Up until that point, we had been receiving frequent complaints about local builds hanging for dozens of minutes, even half an hour. Unfortunately, we had no visibility on what happened on other people’ machines. Given that we were actively working on improving our build system— including migrating the tools, troubleshooting build issues, optimizing some build pipelines etc— it became clear that we were missing a proper monitoring system to support these works. This is when we decided to run a POC with Develocity, the tool that could address all our needs.

Develocity, formerly known as Gradle Enterprise, is a tool that helps monitor all your builds, either CI or local.

This tool firstly opened a ways simpler approach to debug build cache missing issue. By utilizing this, we discovered numerous other cache misses across different scenarios and resolved them, which ultimately generate an approximate 30%🚀🚀 reduction in build times across all pipelines.

In general, we use Develocity to:

Monitor builds and to get a holistic view about system’s heath: both in local and in CI.
Improve unit tests speed as well as quality with Predictive Test Selection and Flaky Test features.
Investigate issues more effectively. For example, by looking at some of the longest local builds, we found out that the hanging build issue often comes from dependencies fetching— usually due to people not being connected to the company VPN, since some dependencies are hosted in our internal artifactories.
Identify areas for improvement. I have a great example about this that I will talk about in very shortly.
Validate our solutions. With comprehensive build metrics, it's easy to back up changes with clear data—whether it's through simple charts or key numbers.

Build regression pipeline 😎

The example above shows how impactful a cache miss is to the build. That’s why it’s important not only to resolve existing cache misses, but also prevent new ones from getting introduced into the project. Investigating cache misses is time-consuming and we definitely don’t want to do it regularly. Hence, having recurring jobs to run the build validation scripts will help automatically detect cache misses early, ensuring the quality and reliability of our build cache over time.

Here is an example how Netflix did it.

Parallel unit tests 😎

In the previous section, I mentioned that parallel test execution isn’t beneficial in a multi-module project. This is because when running unit tests across the entire project, each module runs its tests in a separate task. And given that the parallel task execution is already enabled, those test tasks will naturally run in parallel anyway.

However, there are still cases where parallel test execution is actually useful. The chart below—taken from the Develocity dashboard— roughly shows what our unit test pipeline looked like at the time:

It is not hard to spot the problem in this chart. The pipeline starts off strong, utilizing all 6 cores in parallel. But as the build progresses, most modules finish quickly—except for two large ones: :payment and :search. These two tasks continue running on just two cores while the remaining cores sit idle.

What a waste of resources!

The solution was to break these 2 heavy modules into smaller chunks— which means we only enabled parallel test execution for :payment and :search. This allows their tests to run across more cores— in other words, in parallel. This way, we could utilize all the available resources to significantly speed up the build.

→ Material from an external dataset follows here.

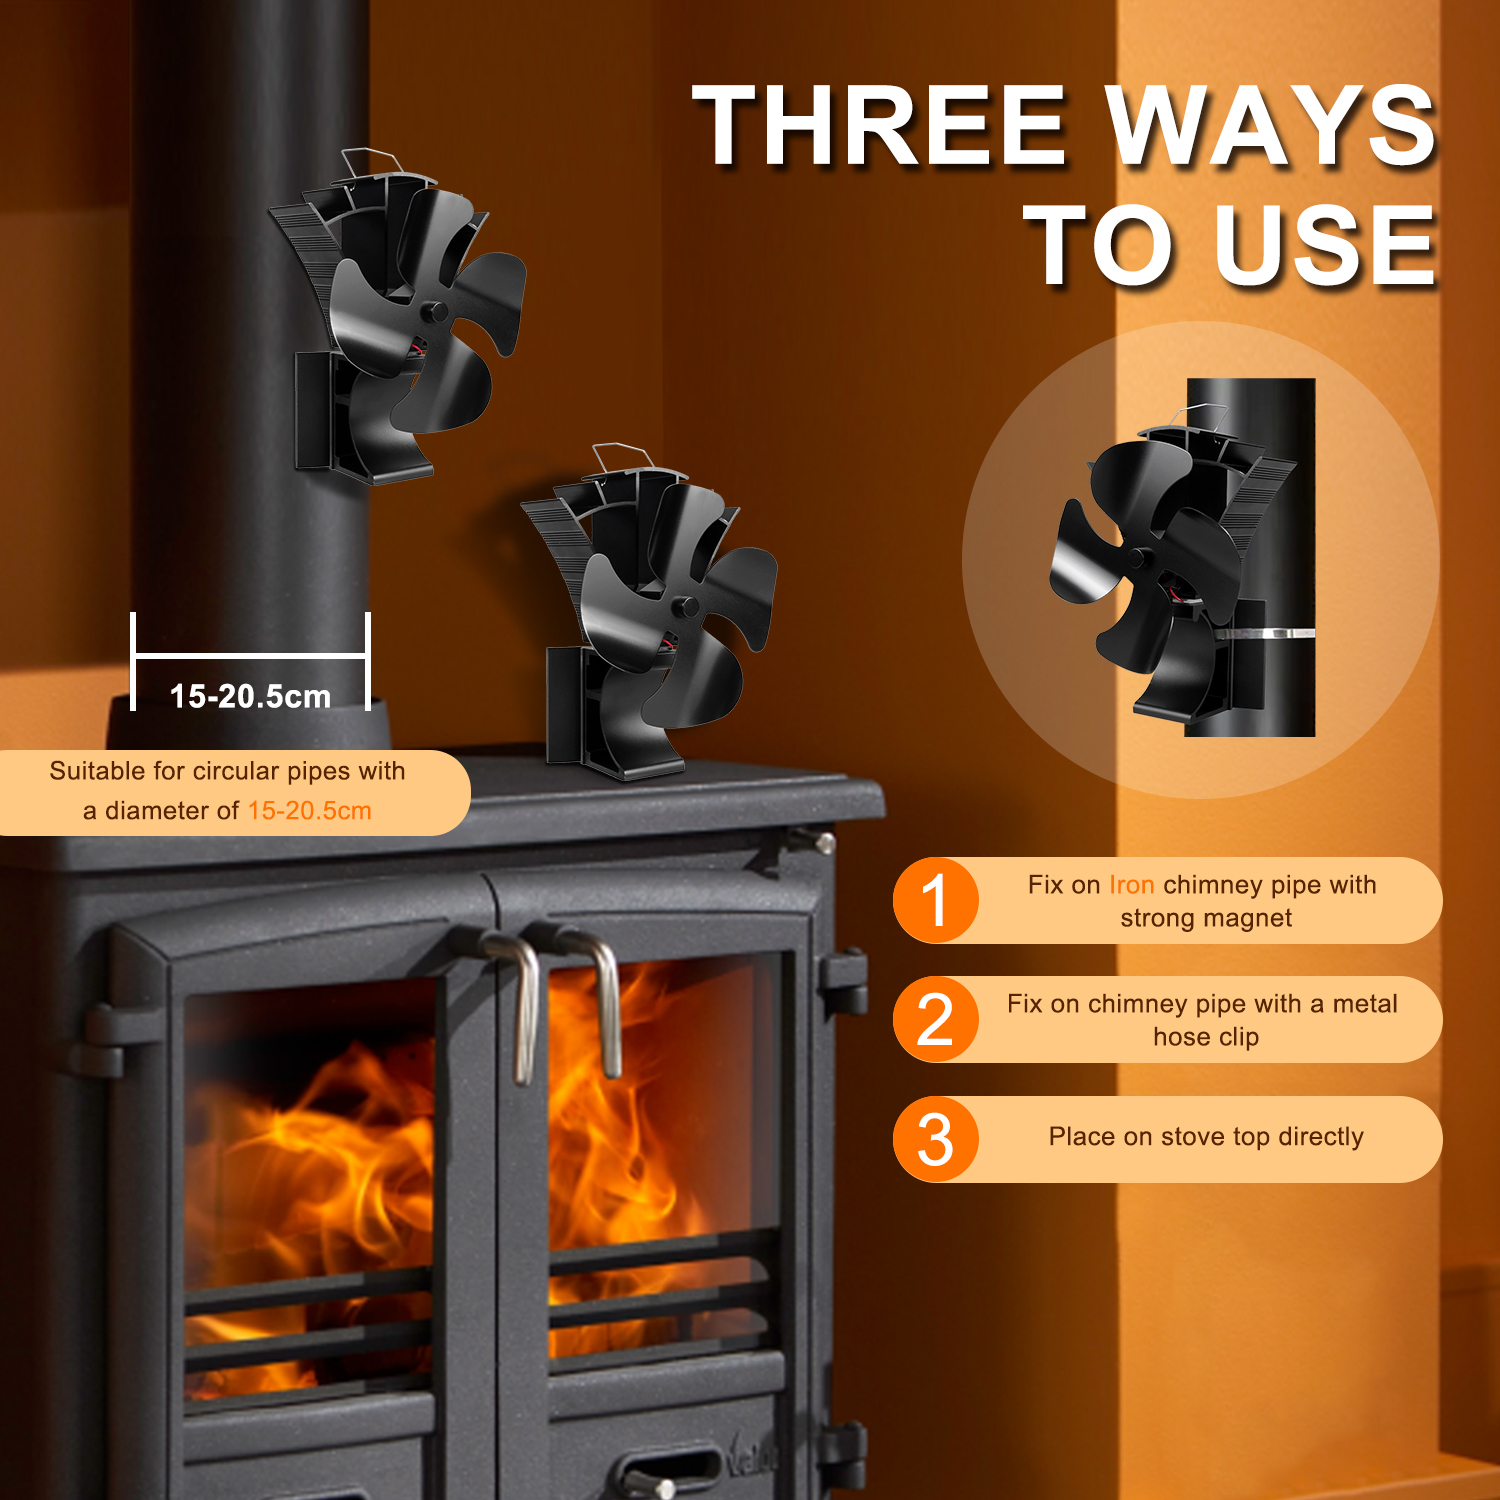 Voda heat powered stove fan manufacturer, fireplace supplier.

Parallel test execution for :payment and :search

Here’s what the build looked like after applying the fix:

This piece of work has improved 40%🚀🚀 of the unit test builds involving these 2 modules— excluding cases where the results were already cached. This is a great example of how understanding your project—and having proper monitoring in place—can lead to meaningful improvements in your builds.

Garbage Collector benchmarking 🤔

This suggestion from Google also caught our attention— they recommended trying the Parallel GC. We decided to do a benchmark and compare between G1 GC and ParallelGC.

We used gradle-profiler and setup a CI pipeline to run the benchmark over night (for a benchmark, we run with fresh builds, without cache, so it often take hours for the benchmark to finish).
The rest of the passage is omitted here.